Sales of Sir Turtle by Tortuga Rum Company will soon benefit real turtles at the Cayman Turtle Farm. 

The cute and cuddly toy has been a real hit with tourists and locals alike, and, as a result, representatives of the Tortuga Rum Co., were pleased to be able to donate more than $600 after a few months of sales to the Turtle Farm’s breeder nutrition research program.  

Walter Mustin, chief research officer of the turtle breeding programme, said the funds will be used to assist with the preparation of a new and improved diet for breeding turtles.  

Marlyn Ebanks, director of operations at Tortuga Rum Company, and sales representative Carol Jackson were on hand to present the first donation to Dr. Mustin and Raymond Hydes, chief sales officer at the Turtle Farm.  

Dr. Mustin thanked Tortuga, and said donations such as this are absolutely vital to the programme to help reach their goal of replenishing the waters of the Caribbean with green 
sea turtles.  

“Without such efforts and the kindness and concern of citizens and corporations in Cayman, this important conservation work would not be possible,” Dr. Mustin said.  

Dr. Mustin pointed out that, recently, turtles that were tagged at the Turtle Farm as long ago as the 1980s have been returning to Cayman to lay their eggs. This means the efforts to save the turtles are having real results.  

“It takes roughly 30 years for turtles in the wild to complete their life cycle, and become mature enough to lay eggs,” Dr. Mustin said. “Seeing them return to Cayman’s shores after such a long time is such an encouragement, and shows that what we are doing here is working. It was a special moment for me to be able to contact Dr.

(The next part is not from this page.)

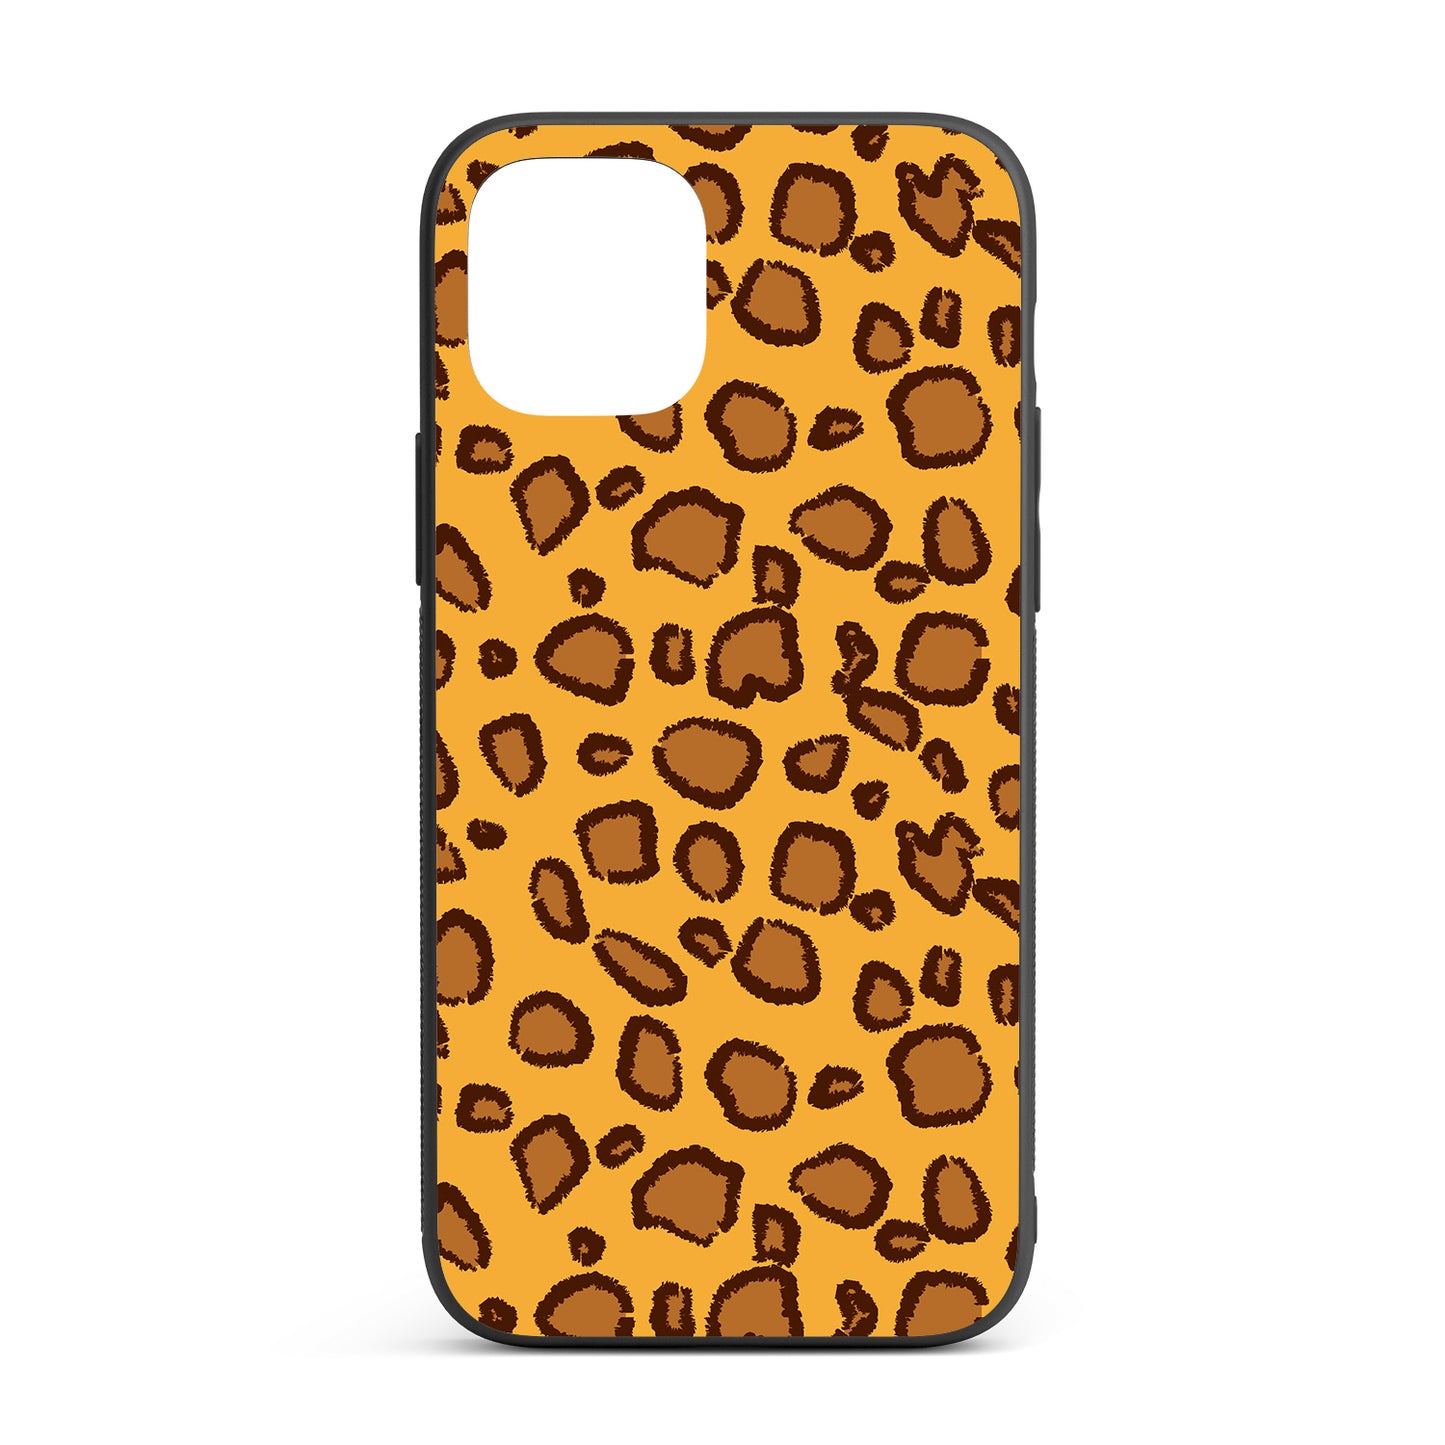 Leopard iPhone glass case

Robert Schroeder, the scientist who pioneered this work in the 1970s, to let him know that the mature turtles were back and had survived in the wild and were now home, all grown up and laying their own eggs on Cayman beaches.”  

The farm has placed more than 31,000 endangered green sea turtles into the wild since its 1968 founding. 

With every Sir Turtle toy sold $3 is donated to the Turtle Farm. They make great gifts for visitors to take home, and for off-island friends and family as a special memento of Cayman. 


Representatives of Tortuga Rum Company present a cheque from sales of Sir Turtle. From left are Dr. Watler Mustin, chief research officer, Cayman Turtle Farm; Marlyn Ebanks, director of operations, Tortuga Rum Co.; Ray Hydes, chief sales officer, Cayman Turtle Farm; Carol Jackson, sales representative, Tortuga Rum Company; and, front, Rooney Ebanks. – PHOTO: Submitted


  1. Once again, the Turtle Farm is misrepresenting the facts. True, 31,000 turtles have been released into the wild however in the last 10 years less than 1,000 turtles were released (there were only 8 last year I recall). In the Turtle Farm is really concerned about conservation it would have ensured the hatching rate of its breeding programme was higher than that of wild laid turtle nests and would have released 1,000s of turtles a year. That would show that what the Turtle Farm is doing is working instead of was working.